Sunday, May 8, 2011

Rent Controls Work In the People's Republic of San Francisco.....

....in doing what they always do, provide disincentives for suppliers. Couple the price controls with onerous regulations and you really have a mess.

The Bay Citizen's Elizabeth Lesly Stevens reports:
In San Francisco, one of the toughest places in the country to find a place to live, more than 31,000 housing units — one of every 12 — now sit vacant, according to recently released census data. That’s the highest vacancy rate in the region, and a 70 percent increase from a decade ago.
The reason? The city's rent control laws that make it difficult to raise rents or evict a tenant.
Increasingly, small-time landlords are just giving up, like one who has left two large apartments on the second and third floors of her building vacant for more than a decade, after a series of tenant difficulties. It’s just not worth the bother, or the risk, of being legally tied to a tenant for decades.
“Vacancy rates are going up because owners have decided to take their units off the market,” said Ross Mirkarimi, a progressive member of the Board of Supervisors. He attributes that response to “peaking frustrations in dealing with the range of laws that protect tenants in San Francisco that make it difficult for small property owners to thrive.”
Perversely, that is hurting the city’s renters as well, as a large percentage of the city’s housing stock is allowed to just sit vacant, driving up rents that newcomers pay for market-rate housing.
If you want to understand what health services will be like under Obamacare, think the SF real estate market, where price controls and other regulations create disincentives for suppliers to bring product to market.

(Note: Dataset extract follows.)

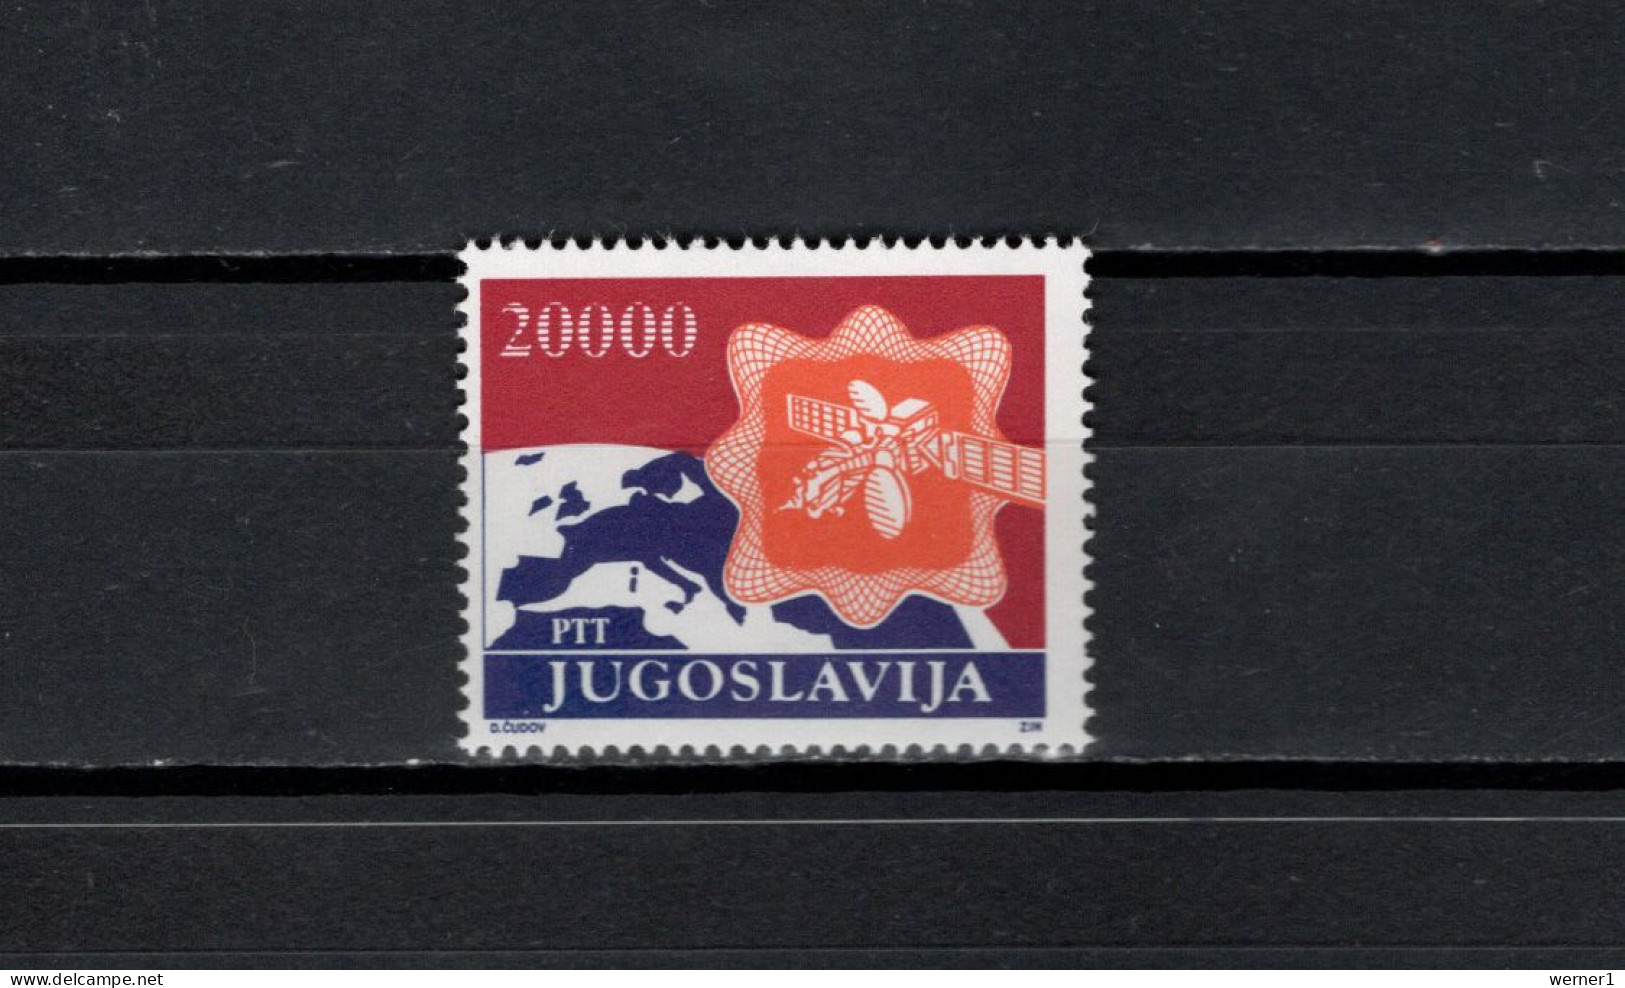 Yugoslavia 1989 Space, Satellite Stamp MNH - Europe
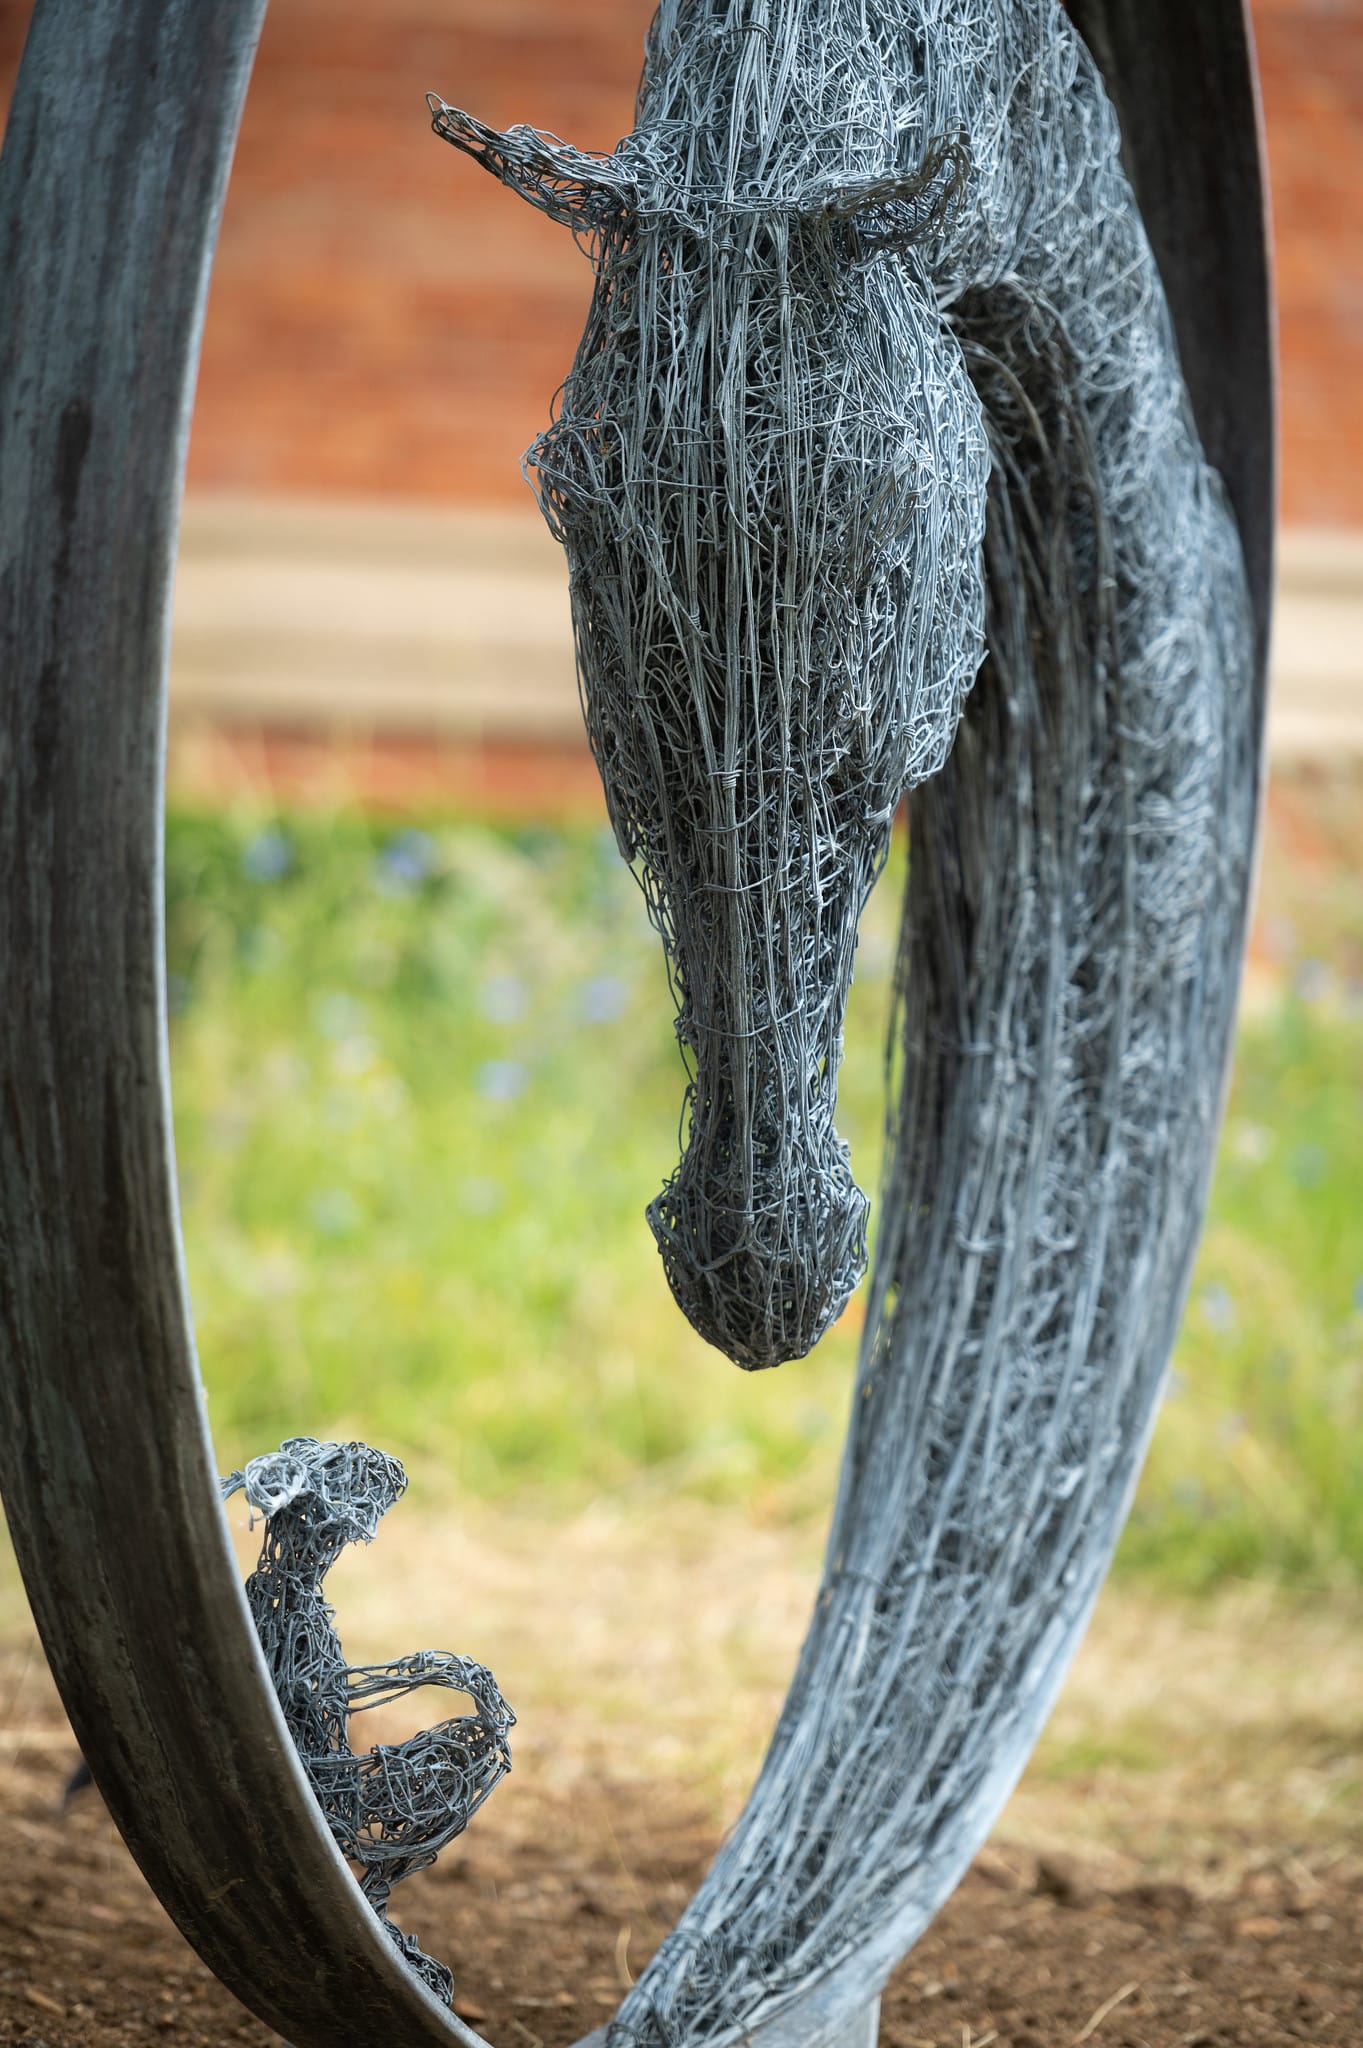 'Never Alone' sculpture by Rupert Till, OR

When people don't understand economics, they tend to think they can micro-manage the economy. They fail to understand that prices are signals that are an important factor in directing activity within an economy and that when price controls are in place, they result in distorting price signals, which results in a lower standard of living.

(ViaMarkPerry)

1 comment:

  1. Can we evict California from the US? Yes we'd lose a few good pieces here and there, but overall I think it would be addition by subtraction. For some reason, the rule of law never seems to apply in California...so, why not let them fend for themselves for a while. As people continue to leave that state in droves, they will soon learn just what Atlas Shrugged was all about. Sometimes, people need to learn their lessons the hard way.